1937年,马家军一名旅长俘获了200多名红军。部下建议把他们全部处置掉,可他却表示:“当初我陷入绝境时,红军没有对我赶尽杀绝,现在这些红军落在我手里,我也不能把他们全部杀掉!”
信源:马有福. 青海抗日名将马禄其人其事.《青海湖》,2015
1937年冬,河西走廊的风刮得像刀子一样。
张掖城外一片荒滩上,200多个红军战俘缩成一团。
他们身上穿的军装早就被血和泥糊成了硬壳,脚上裹着破布条,十几个十六七岁的孩子冻得嘴唇发紫,浑身抖得像筛糠。

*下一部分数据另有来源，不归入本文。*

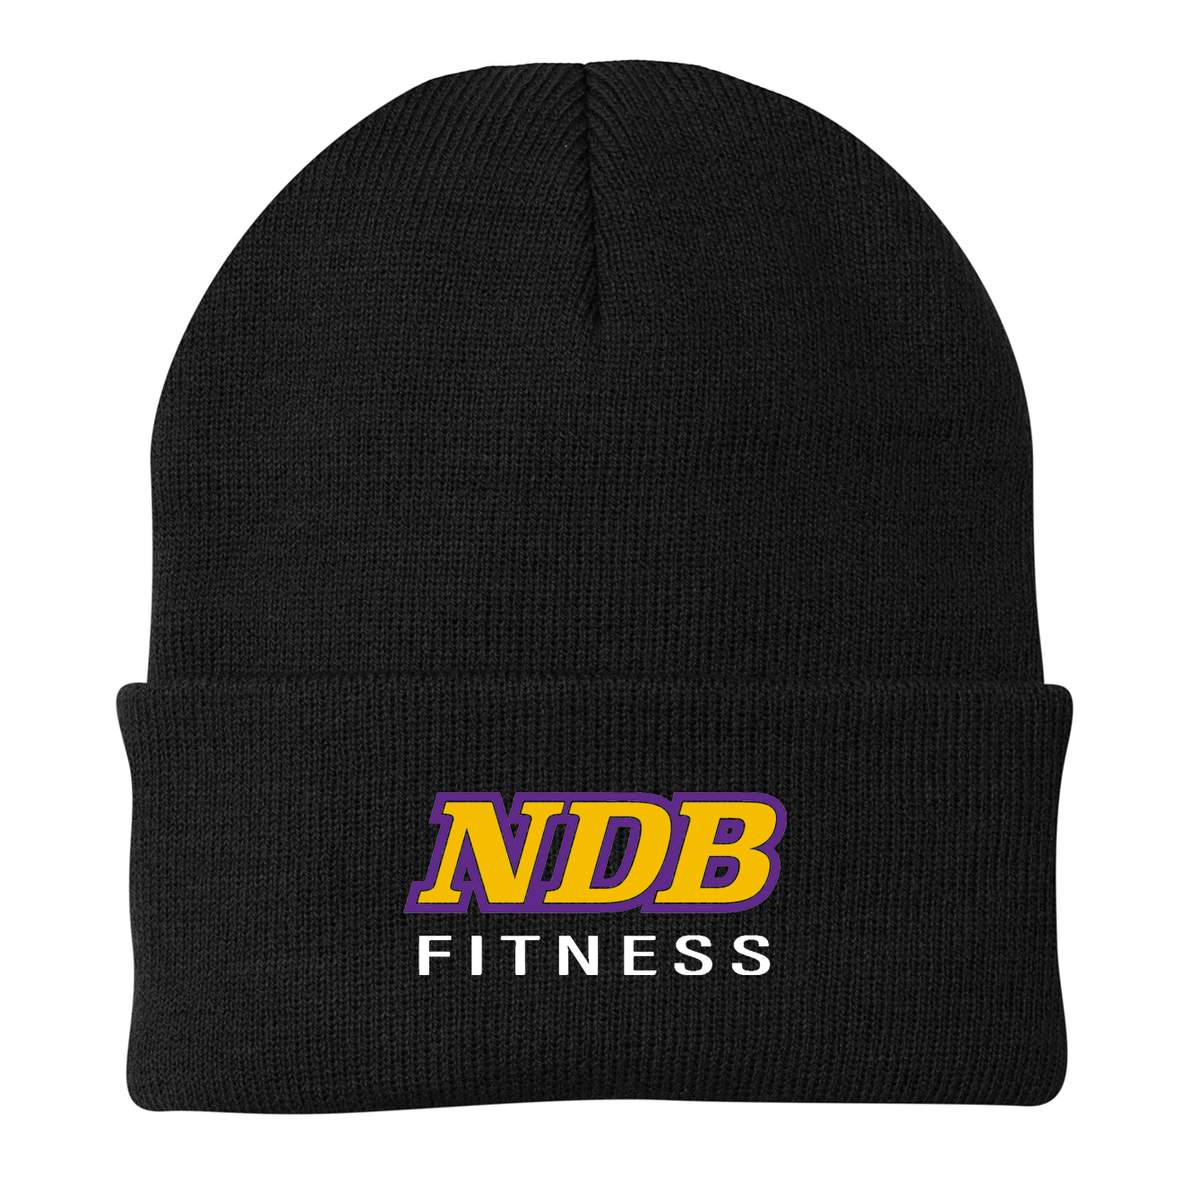 NDB Fitness Knit Beanie

包围他们的马家军士兵端着枪,副官已经把处置方案报上去了。
按惯例,这批人要么拉到戈壁滩上枪毙,要么直接活埋。
那个年代,西路红军和马家军在河西杀红了眼,俘虏基本活不过第二天。
马禄站在高坡上,手里夹着一管水烟。
风把烟丝的火星吹得忽明忽暗。
副官在旁边等着他点头。
他没点,他抽了一口水烟,把烟锅在靴底磕了磕,说了一句话的意思。
红军当年没杀我,我不能杀他们。
这句话背后,藏着一个两年前的故事。
马禄是甘肃河州人,回族,马家军体系里的一个旅长。
他当兵的年代早,从清末民初的西北乱局里一路打上来,身上带着西北军人特有的狠劲。
1935年到1936年间,他带着部队在甘南山区追着红军小股队伍跑。
那次追得太急,带着队伍一头扎进了一条山沟。
等他发现不对劲的时候,两面的山梁上已经站满了红军。
枪口全对着沟底,退路被封死,他的部队弹尽粮绝,连大刀都卷了刃。
马禄自己都做好了被击毙的准备。
但枪声没有响。
红军没有开火,他们让马禄的部队放下武器,自行离开。
马禄带着残兵撤出山沟的时候,回头看了一眼。
红军在收拾战场,没有人追上来补枪,没有人趁火打劫。
那一次,他这条命是红军给的。
这件事在马禄心里埋了一颗种子。
他不是什么思想进步的人,不懂什么是共产主义,但他懂一个朴素的道理。
人家不杀我,我不能忘恩。
两年后,这颗种子在河西走廊的寒风里发了芽。
1937年的河西战场,西路军两万多人已经打到了弹尽粮绝的地步。
高台一战,红五军全军覆没,军长董振堂牺牲。
倪家营子那几场仗,每一寸土地都浸透了血。
马家军和西路军之间的仇恨,深到用血都洗不干净。
所以马禄手下的副官提议杀俘的时候,在当时的环境下完全合情合理。
但马禄不干,他做了一个在当时看来近乎疯狂的决定。
他把这200多号人全部留在了张掖城外一处废弃的营房里。
营房没有铁丝网,只派了几个兵看着。
他专门交代伙房,每天按时送饭,不能克扣。
有十几个伤员伤口化脓,他让人从自己的医药储备里拿出磺胺粉,给红军换药。
磺胺在那个年代是稀缺品,连马家军自己都不够用。
被俘的红军一开始根本不敢相信。
他们以为这是猫捉老鼠的把戏,是慢性折磨。
有人把饭倒了,有人拒绝换药。
马禄没生气,也没强迫,他只是让手下继续送,继续治。
慢慢地,有人开始吃东西了,伤口也开始愈合了。
半个月后,这批人的体力恢复了大半。
马禄开始做下一步,他给值班的士兵下了暗示,晚上查哨松一点,营房大门别锁死。
那些红军都是老江湖了,一看就明白了。
一个深夜,200多人互相搀扶着,悄无声息地溜出了营房,消失在戈壁滩的夜色里。
马禄站在城墙上,远远地看着那群黑影往北走。
他没有下令追,也没有开枪。
他就那么站着,直到最后一个人影看不见。
这件事如果传出去,马禄大概率要掉脑袋。
在那个年代,私放红军俘虏是死罪。
他谁都没告诉,把这件事烂在了肚子里。
他后来跟着部队去抗日了,1946年病死。
正史上关于他的记载只有寥寥几笔,连个像样的传记都没有。
但这200多人的命,是他用脑袋担保换回来的。
西路军那一仗打完,活下来的不到400人。
这200多号人能逃出去,后来有的回了延安,有的在西北安了家,生了孩子,活到了新中国。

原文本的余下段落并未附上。